Oct 15 '22 14:10 Ebedthan

Summary and overall critics We thank the authors and @ParkvilleData for the proposed article which is a valuable study proposing a useful tool for bioinformaticians and computational biologists. I have particularly loved the idea and implementation that take into account the possibility to run it on servers. I have also appreciated the software website. However, this article and the associated code repository suffer from some correctable shortcomings.

Major points

Statement of need: I would suggest the statement of need be shortened. The full statement could then be found on the software website or in the article.
Installation instructions: Even if the software has a website that contains all the information about the installation of the software, I believe an installation section in the repository README is needed. I also believe that this would make it easier for an already convinced user to quickly install the software for use.
Installation instructions: Java and Singularity which are required dependencies for MGP do not have a minimum supported version specified.
Example usage: As for the installation instruction, the repo README should contain an example usage section.
Community guidelines: The software community guideline should benefit from a section in the README repository.

Minor points

Line 13: in its default form -> in its default format
Line 14: which uses -> that uses
Line 16: is freely available and is distributed -> is freely available and distributed
Line 22: which downloads -> that downloads
Line 26: infrastructure -> infrastructures
Line 33: A missing comma: Currently -> Currently,
Line 34: function -> functions
Line 50: best practice -> best practices
Line 52: Unnecessary comma: Singularity containers, and -> Singularity containers and
Line 52 - 53: increases flexibility -> increases the flexibility
Line 78: to facilitate co-assembly -> to facilitate the co-assembly
Line 102: produces an fa file -> produces a Fasta file
Line 102: aminoacid -> amino acid
Line 113: SPARTAN high performance -> SPARTAN high-performance
Add the software website link in the repository about section to ease its discovery by the user

Oct 26 '22 20:10 Ebedthan

@Ebedthan thank you for your helpful suggestions. We have incorporated them all into the paper. Would you please be able to check the shortened statement of need to make sure it's clear?

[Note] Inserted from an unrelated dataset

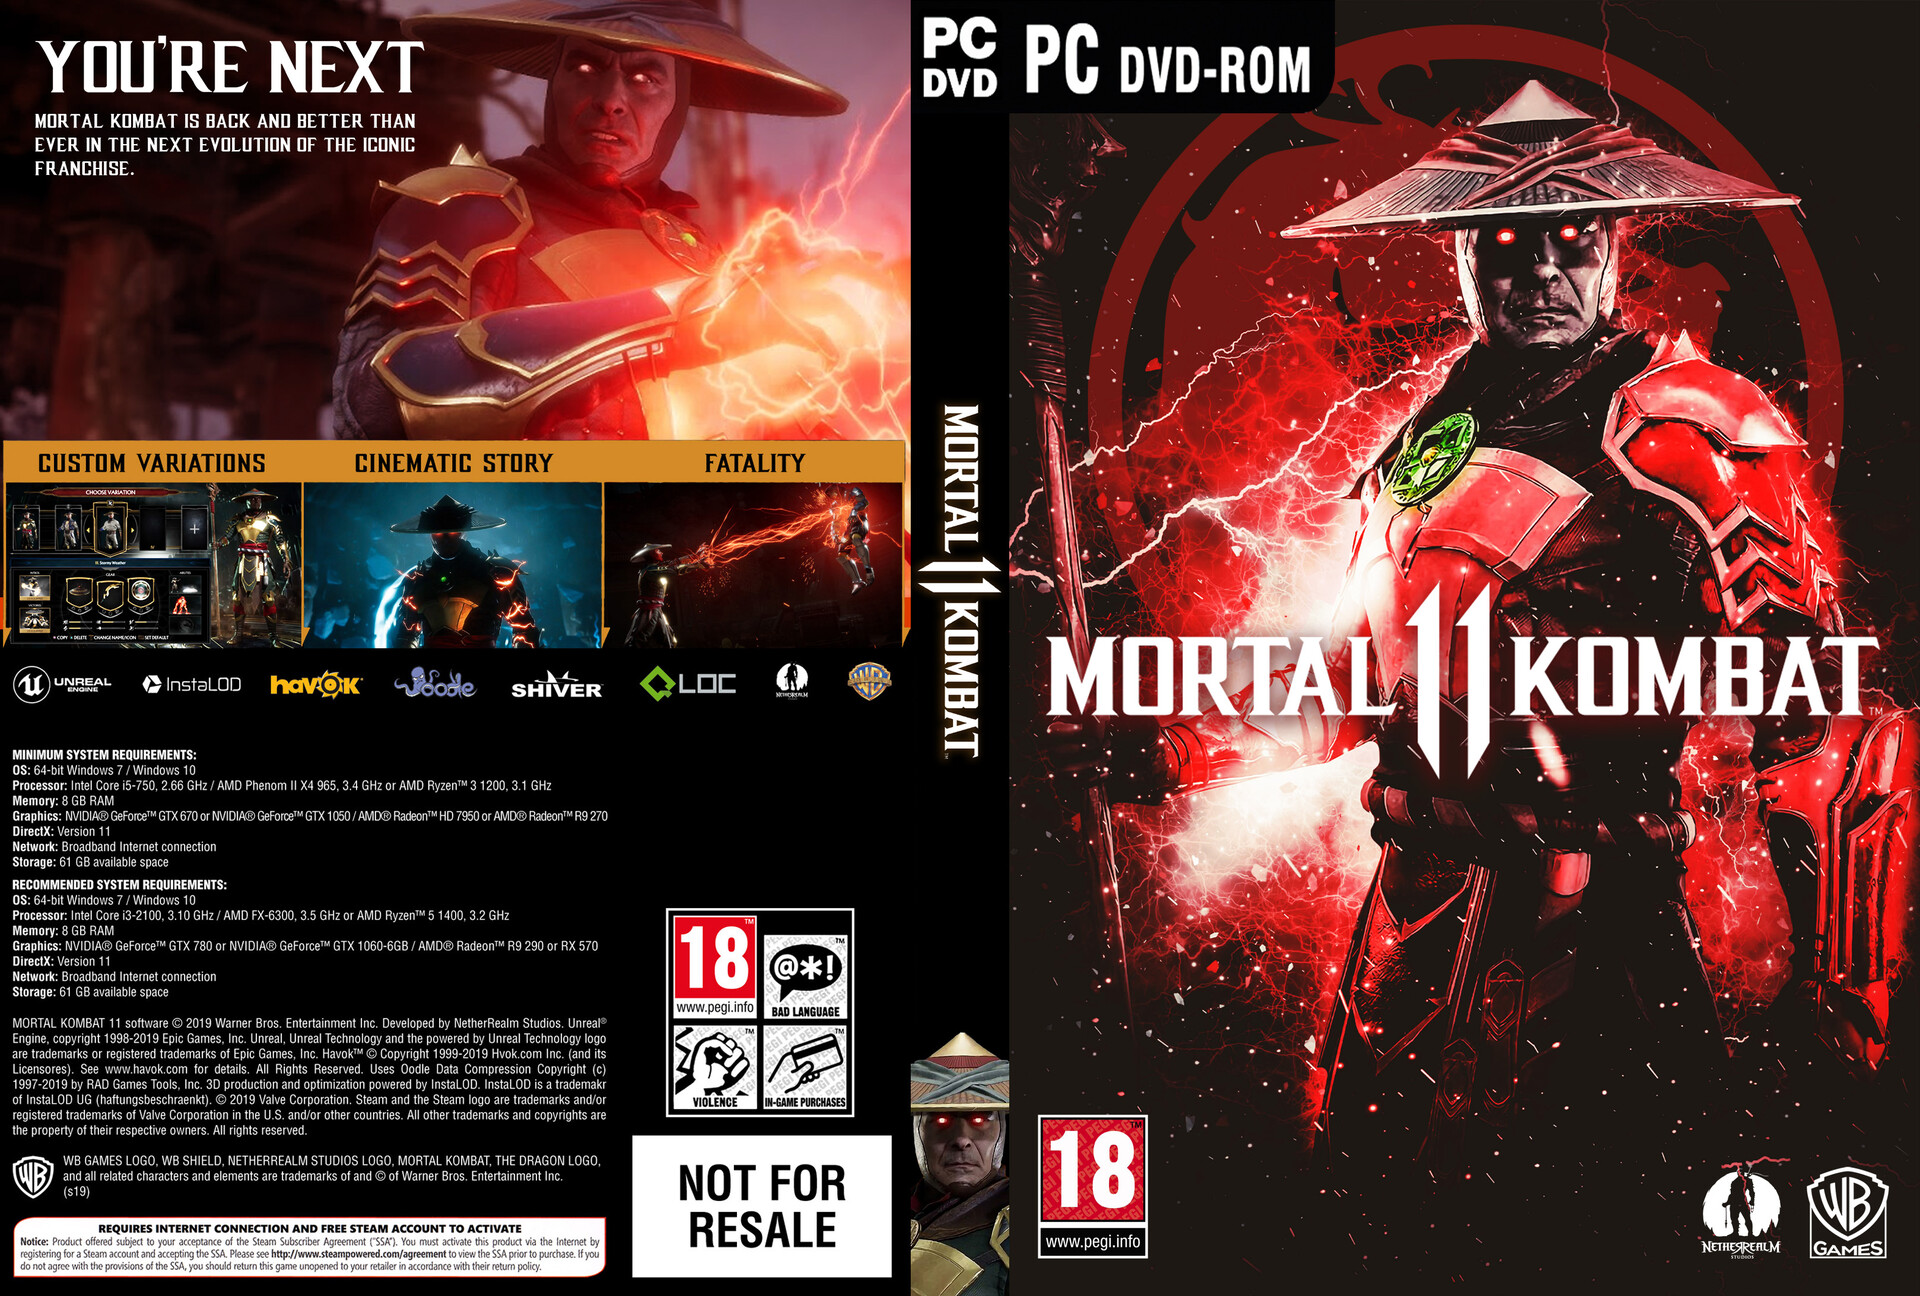 mdesign-digital-artwork-mortal-kombat-11-pc-dvd-cover-raiden

Oct 28 '22 00:10 mariadelmarq

@Ebedthan We've also addressed the other issues you've raised

Oct 28 '22 01:10 rbturnbull

@editorialbot generate pdf

Oct 28 '22 01:10 rbturnbull

:point_right::page_facing_up: Download article proof :page_facing_up: View article proof on GitHub :page_facing_up: :point_left:

Oct 28 '22 01:10 editorialbot

It's a nicely written paper, below are some comments on the paper, I'm going to download and try the tool next. Minor points on the paper mostly centring around the "output" of the tool which isn't really described in much detail anywhere either in the paper or on the GitHub repo. I think some minor expansion on the main taxonomic output files of the tool would be useful. Specific points:

13 - "output that is useful in its default format" - what is the default format and why is it useful

31-33 - clarify - so MetaGenePipe does not do any nucleotide to nucleotide comparison then - and would potentially miss non-coding sequence classification? Later on (line 74) the BLAST NT db is mentioned

35 - Think it would be good to give a one line explanation on each of these - what are Kegg Brite and KoalaFarm profiles (this could come under explanation of output - see later)

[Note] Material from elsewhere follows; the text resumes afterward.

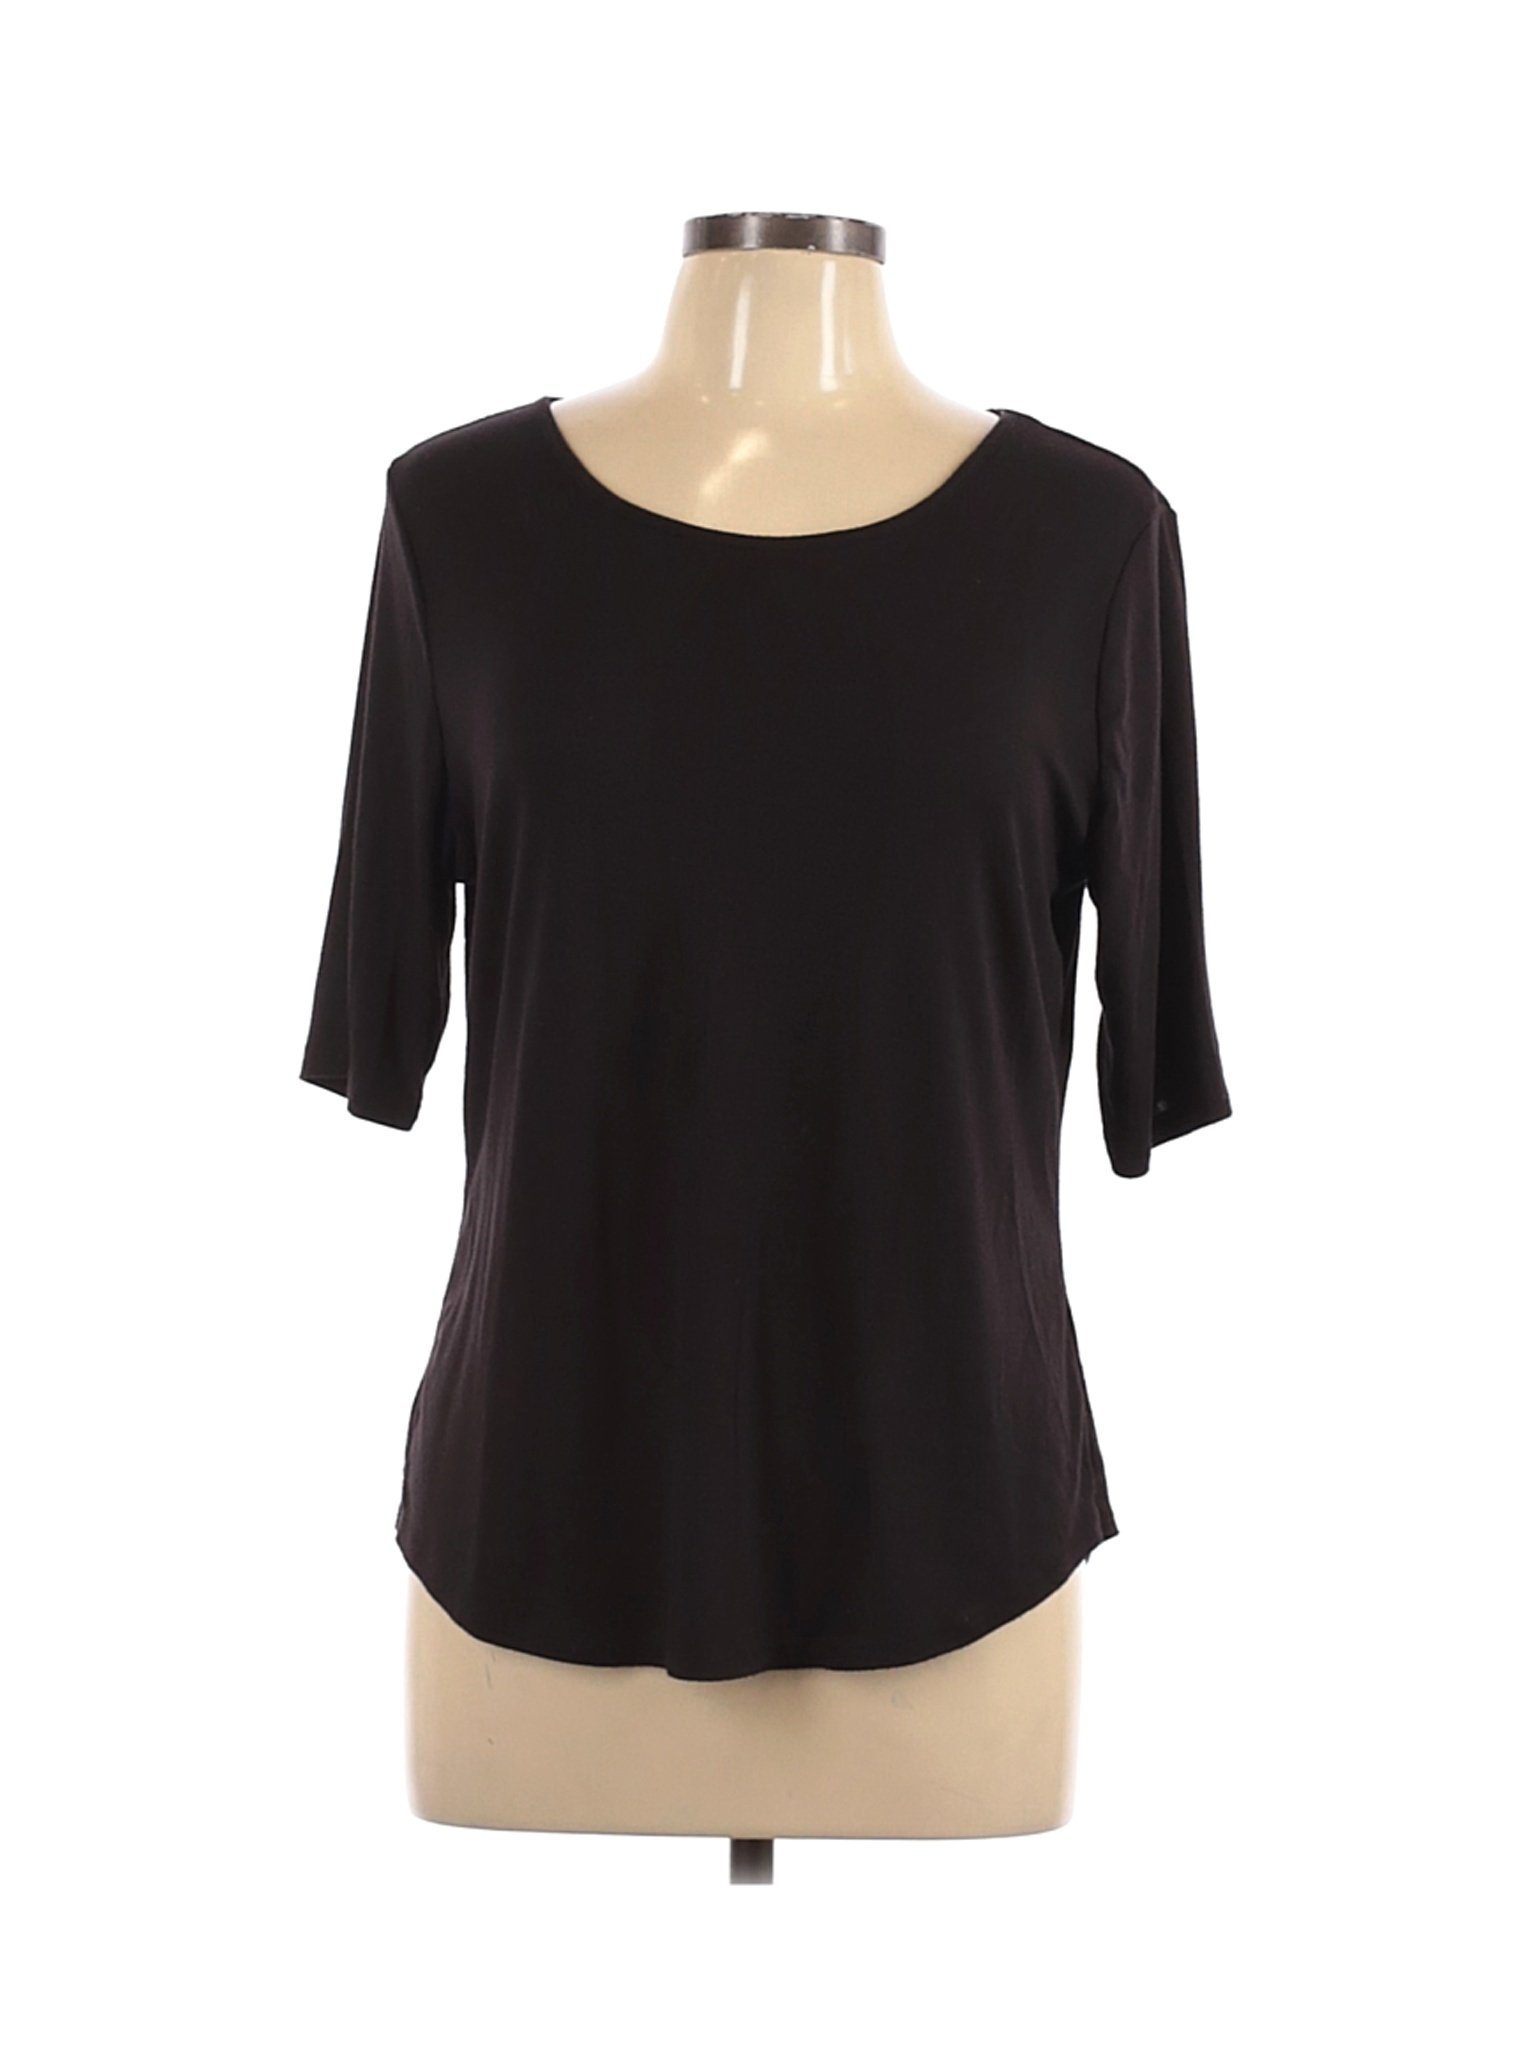 Apt. 9 Women Black Short Sleeve T-Shirt L | eBay

49 - do you have any guidance on how it could be applied to viruses?

75 - the output of MetaGenePipe is not really describe in much detail anywhere. Given BLAST output is quite structured - what parsing is happening here? How does this result in more easily searchable data? Are the "no hits" in a separate file?

79-87 - for quantifying relative abundance - how can this be done here? Is a file created that has a list of contigs, their taxonomic assignment and the number of reads mapping? i.e. is the output here the relative abundance of the contig alone - or can it easily be used to calculate abundance at taxon levels

88-96 - so what is output at this step? A contig could have multiple ORFs - are each one evaluated separately - can you link back to the contig - is it just Kegg/Koala IDs or are their taxon name assignments also included - are these specific taxons (i.e. species/strain) or are they broader taxonomic paths also included

Table 1 - is the ordering of the table correct - the map reads step is near the end - but the description places it earlier

Github Repo - the main output is the Taxon output which is described very briefly on the GitHub repo as Level 1/2/3 Kegg Brite Hierarchical count (not mention of Koala) - can the specific output format be described in more detail - perhaps and example output file(s) from a given metagenomics set be provided

Oct 28 '22 15:10 rjorton

Hi @rjorton, how are your attempts to download and use the tool? Are the authors responding to the issues you pointed out above?

Nov 13 '22 23:11 jmschrei

Hi @jmschrei and @rjorton: I apologize for the delay in responding to these very helpful questions and comments. Upon investigating the answers we have found a few bugs in the workflow, and I am in the process of fixing them. It will take a bit longer than usual given that the first author sadly passed away a few weeks ago. I really appreciate your patience as we work through this!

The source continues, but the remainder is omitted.